Files can contain any ordering of geometry objects. They are loaded into sequential buffers in GPU memory. Any number of Point and MultiPoint objects can be read from a file. These Points will all be stored in contiguous memory in a cuDF column.

All n-D point coordinates, regardless of their geometry object source are stored in the same column. Geometry objects in cuSpatial provide offets to the coordinates, but do not store the coordinates themselves.

Metadata

cuDF columns are used to store coordinates and geometry offsets. cuDF is also used to store geometry object metadata. There are two types of metadata we are concerned with - Arrow format metadata specifying coordinate fundamentals inside of cuSpatial columns, and DataFrame metadata that is included with geometry objects but is not geometric coordinates.

Arrow Spatial Format

Introduction: Arrow, columnar format, interleaved data for performance Objects grouped by type API provides introspection into columns

Points = {
  "size": 3
  "dtype": int32,
  "offsets": [0, 1, 2, 3],
  "values_x": [x, x, x],
  "values_y": [y, y, y],
  "values_z": [z, z, z],
}

Points = {
  "size": 3,
  "dtype": int64,
  "stride": 2,
  "sizes": [2, 2, 2],
  "offsets": [2, 4, 6],
  "values": [x,y,x,y,x,y],
}

Lines = {
  "size": 2,
  "stride": n
  "sizes": [n, m]
  "offsets": [n, n+m]
  "values": [x0,y0,x1,y1,xn,yn,x0,y0,x1,y2,...,ym,ym],
}

Polygons = {
  "feature_size": 2,
  "ring_size": [1, 1],
  "ring_offsets": [n, n+m],
  "rings": [0, 1, ..., n, n+1, n+2, ... m],
  "values": [x0,y0,x1,y1,xn,yn,x0,y0,x1,y2,...,ym,ym]
}

GeometryCollection = {
  // this is not an arrow type, but a cuSpatial type. A list of other types
}

thomcom avatar Jul 02 '20 21:07 thomcom

Is there a way to add Spatial References to this information?
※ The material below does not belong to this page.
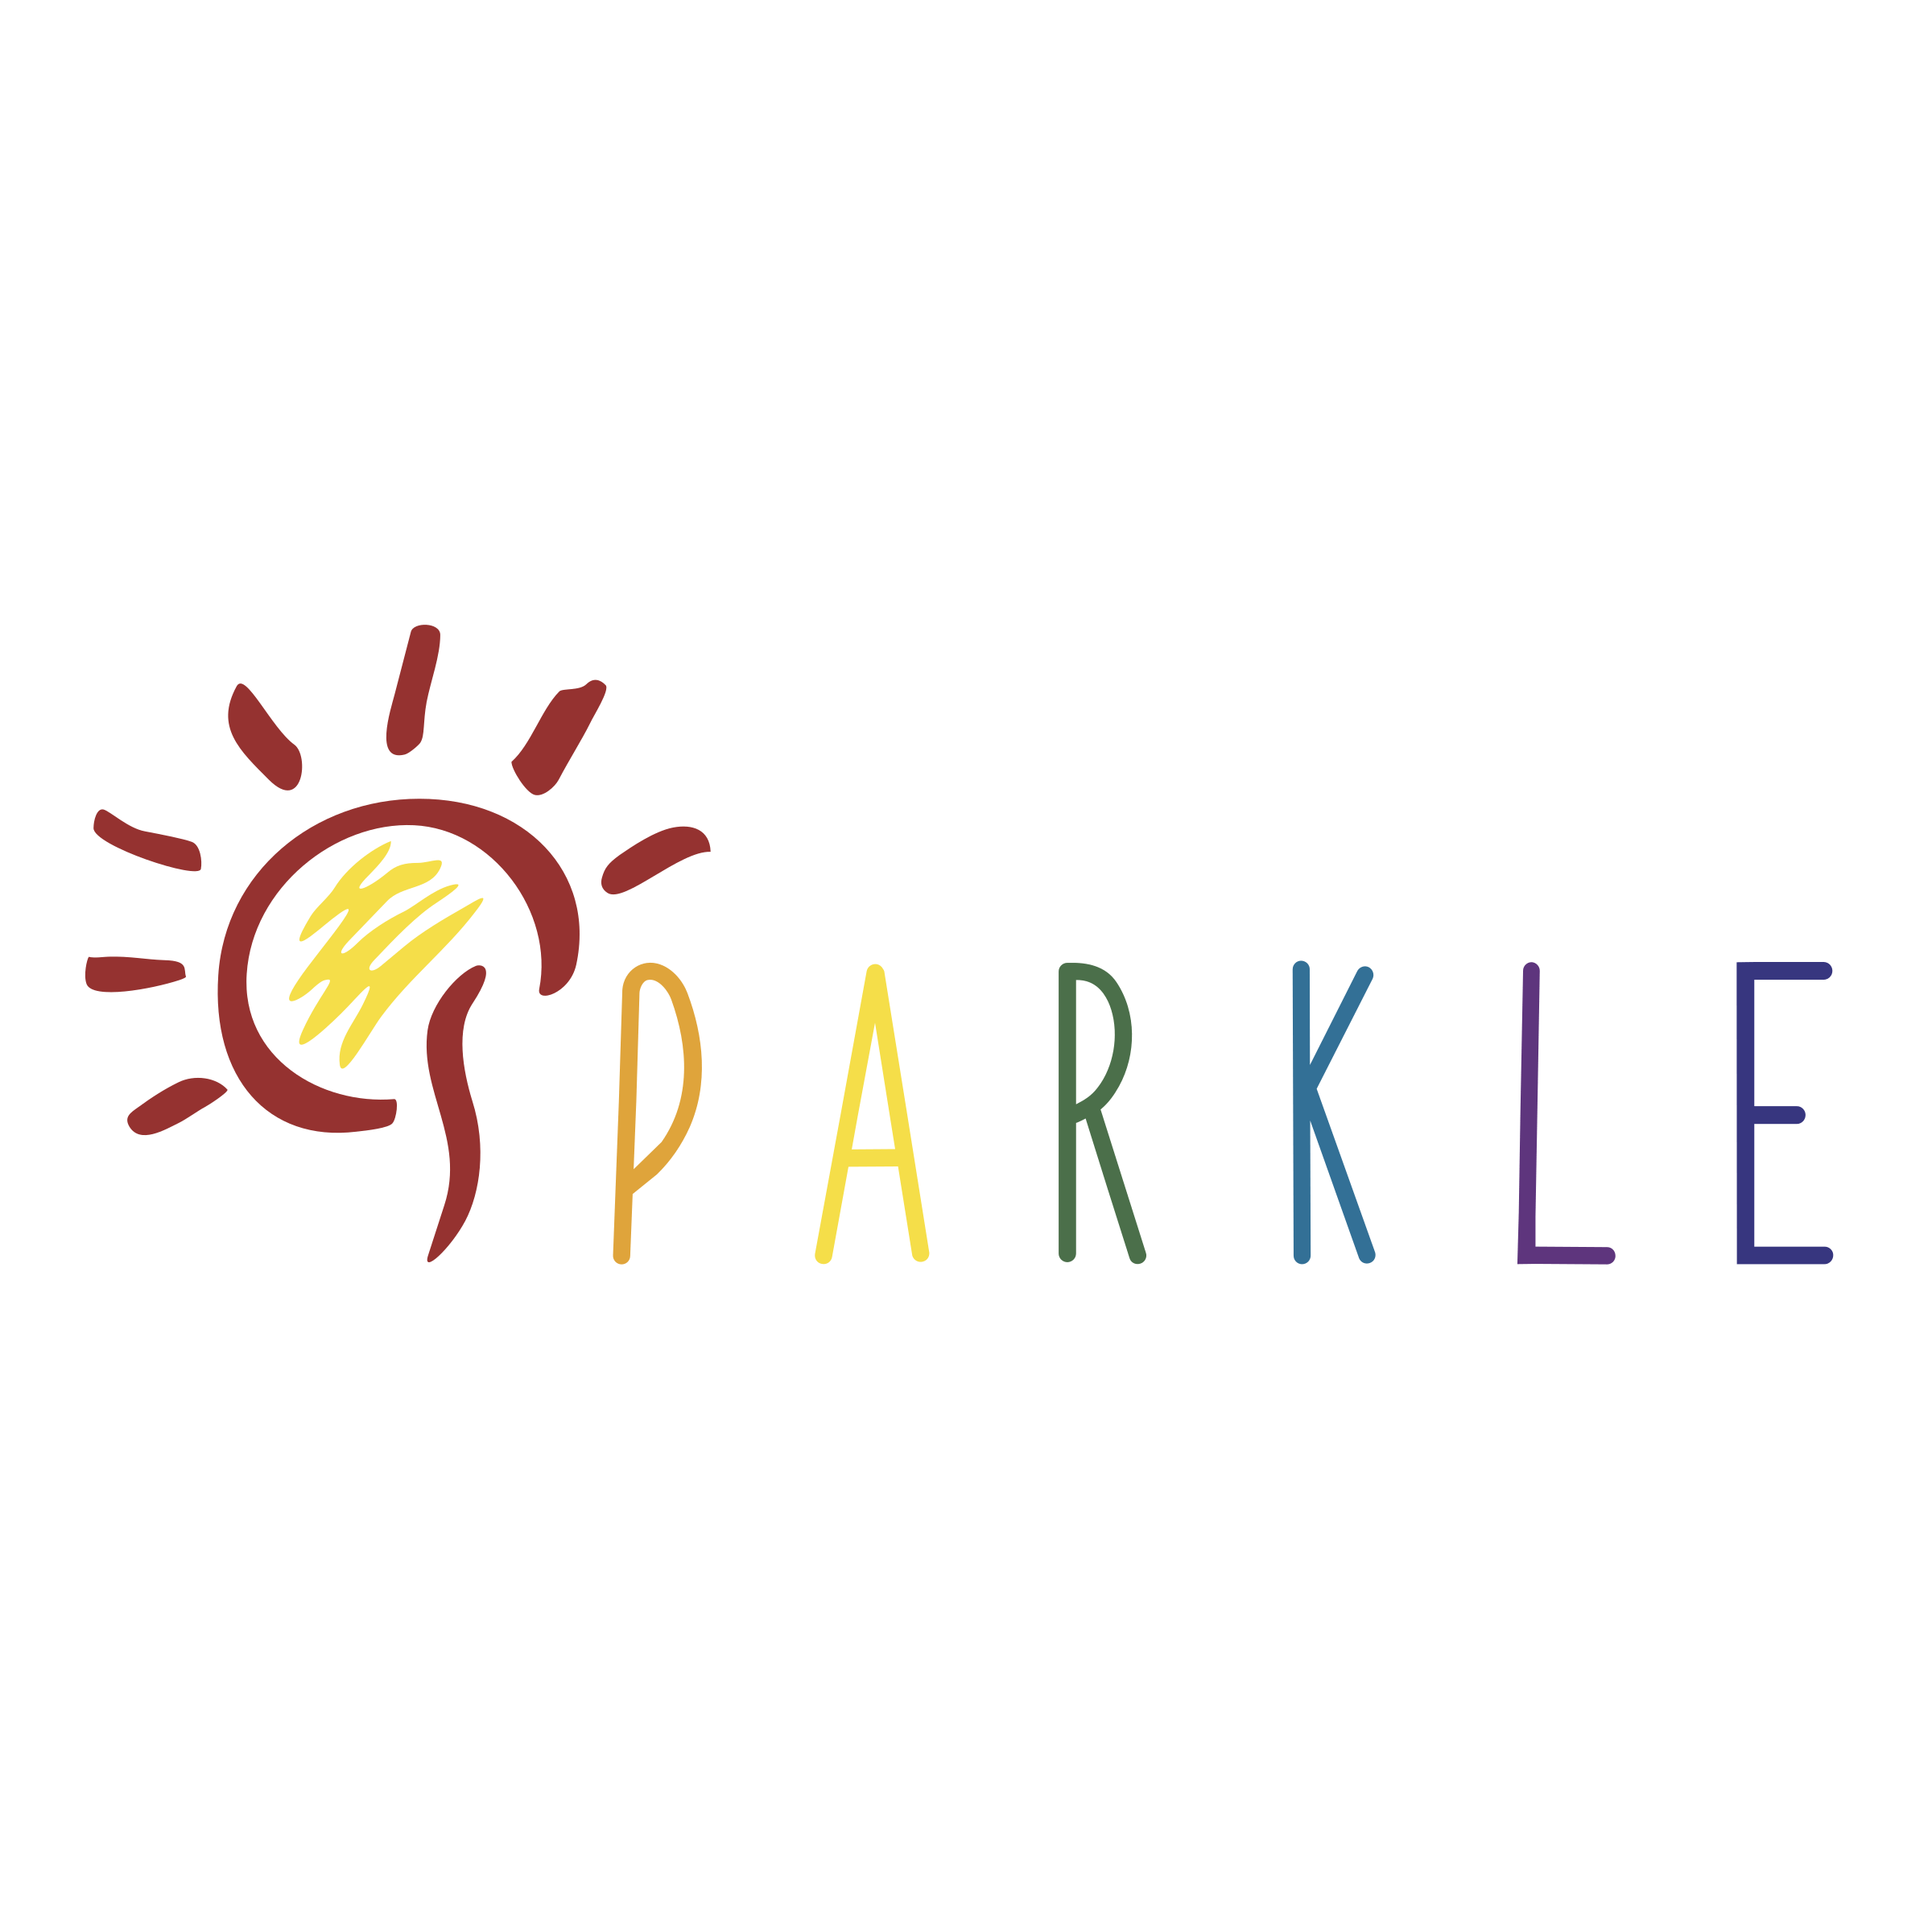 Sparkle Logo - Sparkle Logo PNG Transparent & SVG Vector

achapkowski avatar Oct 22 '20 17:10 achapkowski

Hey @achapkowski spatial references are very high in the next priority list. I'm inclined to include a coordinate reference system object with every GeoSeries, or two.

thomcom avatar Jan 15 '21 16:01 thomcom

you probably can just add another dictionary value:

Points = {
  "size": 3,
  "dtype": int64,
  "stride": 2,
  "sizes": [2, 2, 2],
  "offsets": [2, 4, 6],
  "values": [x,y,x,y,x,y],
  "spatialReference" : {'wkid' : <integer>:4326}
}

or if you allow WKTs

Points = {
  "size": 3,
  "dtype": int64,
  "stride": 2,
  "sizes": [2, 2, 2],
  "offsets": [2, 4, 6],
  "values": [x,y,x,y,x,y],
  "spatialReference" : {'wkid' : <string><WKT string>}
}

achapkowski avatar Jan 15 '21 18:01 achapkowski

Hey @achapkowski spatial references are very high in the next priority list. I'm inclined to include a coordinate reference system object with every GeoSeries, or two.
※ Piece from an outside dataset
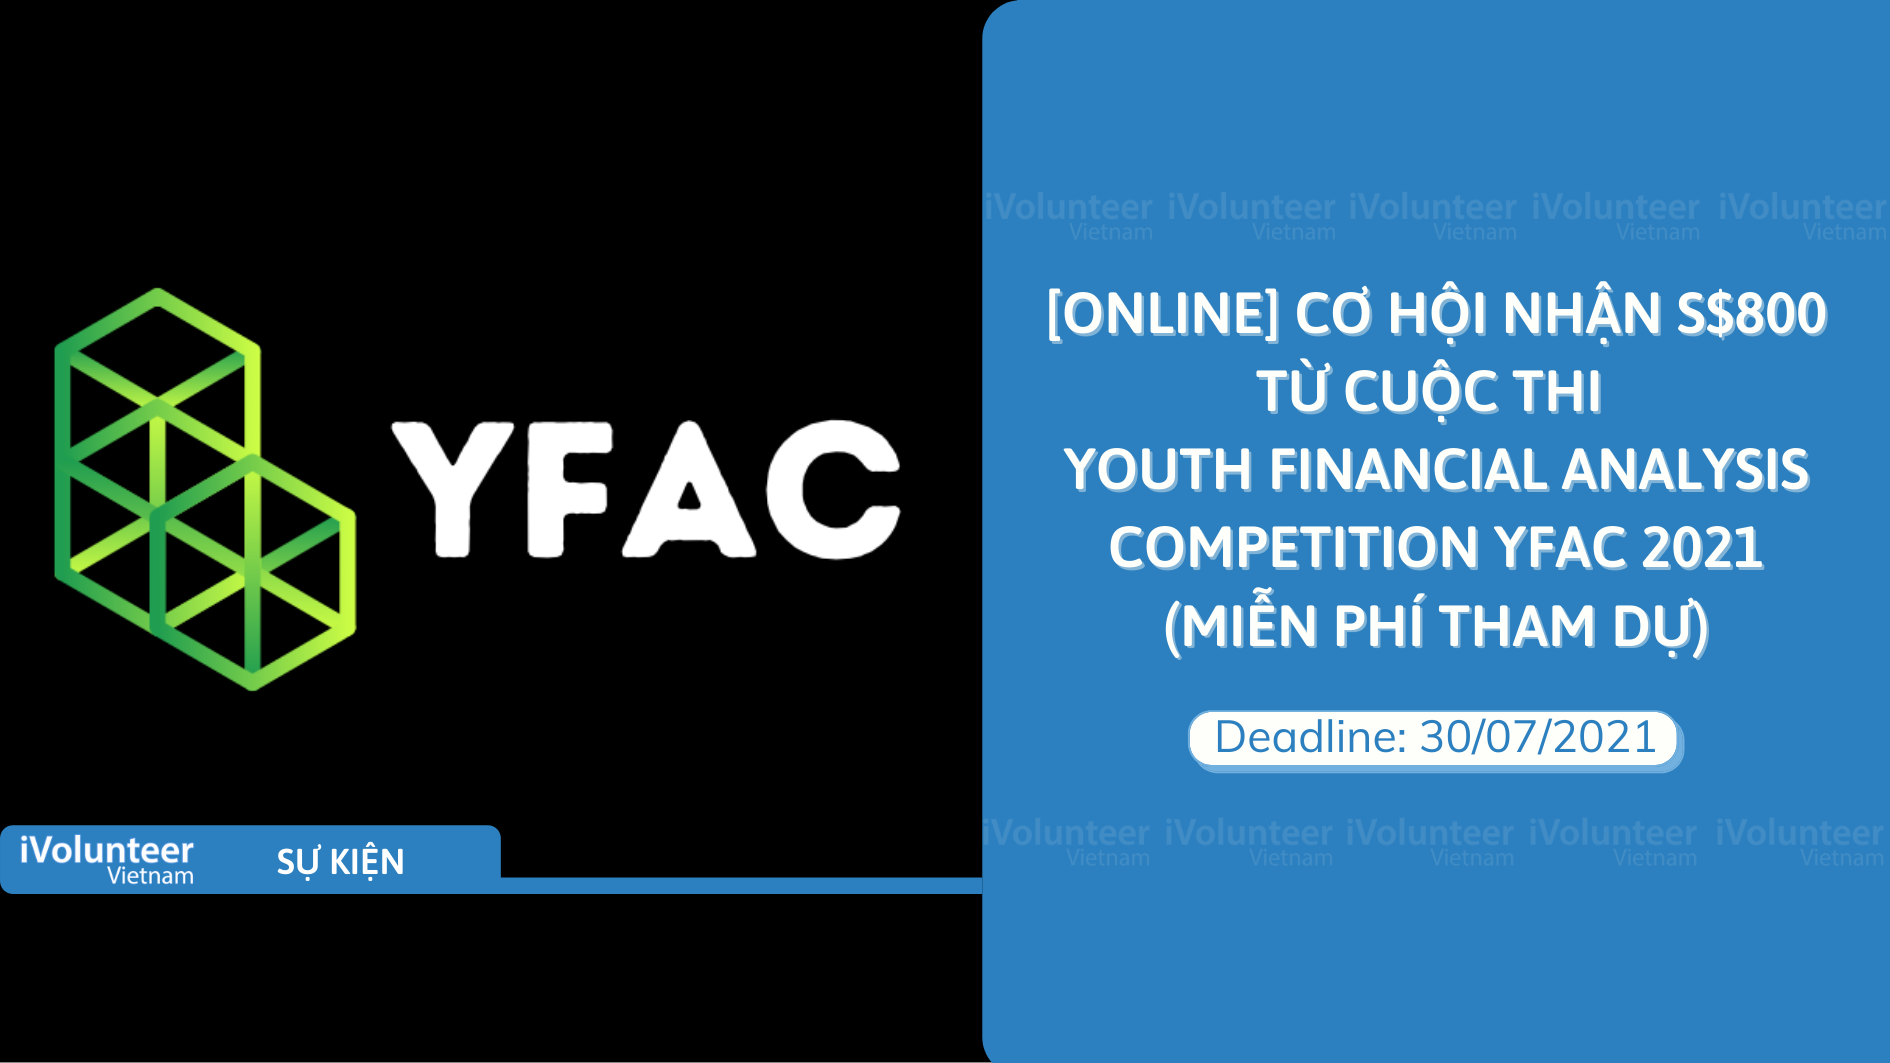 [Online] Cơ Hội Nhận $800 Từ Cuộc Thi Youth Financial Analysis Competition YFAC 2021 (Miễn Phí Tham Dự)

This would be of very high value--particularly if/when we can do on-GPU coordinate conversions between at least the most common CRSs.

ChrisMLroy avatar Jan 15 '21 19:01 ChrisMLroy

This issue has been marked stale due to no recent activity in the past 30d. Please close this issue if no further response or action is needed. Otherwise, please respond with a comment indicating any updates or changes to the original issue and/or confirm this issue still needs to be addressed. This issue will be marked rotten if there is no activity in the next 60d.

github-actions[bot] avatar Feb 16 '21 20:02 github-actions[bot]

Responding to the github-actions bot: this still relevant and is the missing link preventing a customer from making an all-GPU geospatial workflow in RAPIDS.

ChrisMLroy avatar Feb 16 '21 20:02 ChrisMLroy

This issue has been labeled inactive-30d due to no recent activity in the past 30 days. Please close this issue if no further response or action is needed. Otherwise, please respond with a comment indicating any updates or changes to the original issue and/or confirm this issue still needs to be addressed. This issue will be labeled inactive-90d if there is no activity in the next 60 days.

github-actions[bot] avatar Mar 18 '21 21:03 github-actions[bot]

This issue has been labeled inactive-90d due to no recent activity in the past 90 days. Please close this issue if no further response or action is needed. Otherwise, please respond with a comment indicating any updates or changes to the original issue and/or confirm this issue still needs to be addressed.

github-actions[bot] avatar Nov 23 '21 20:11 github-actions[bot]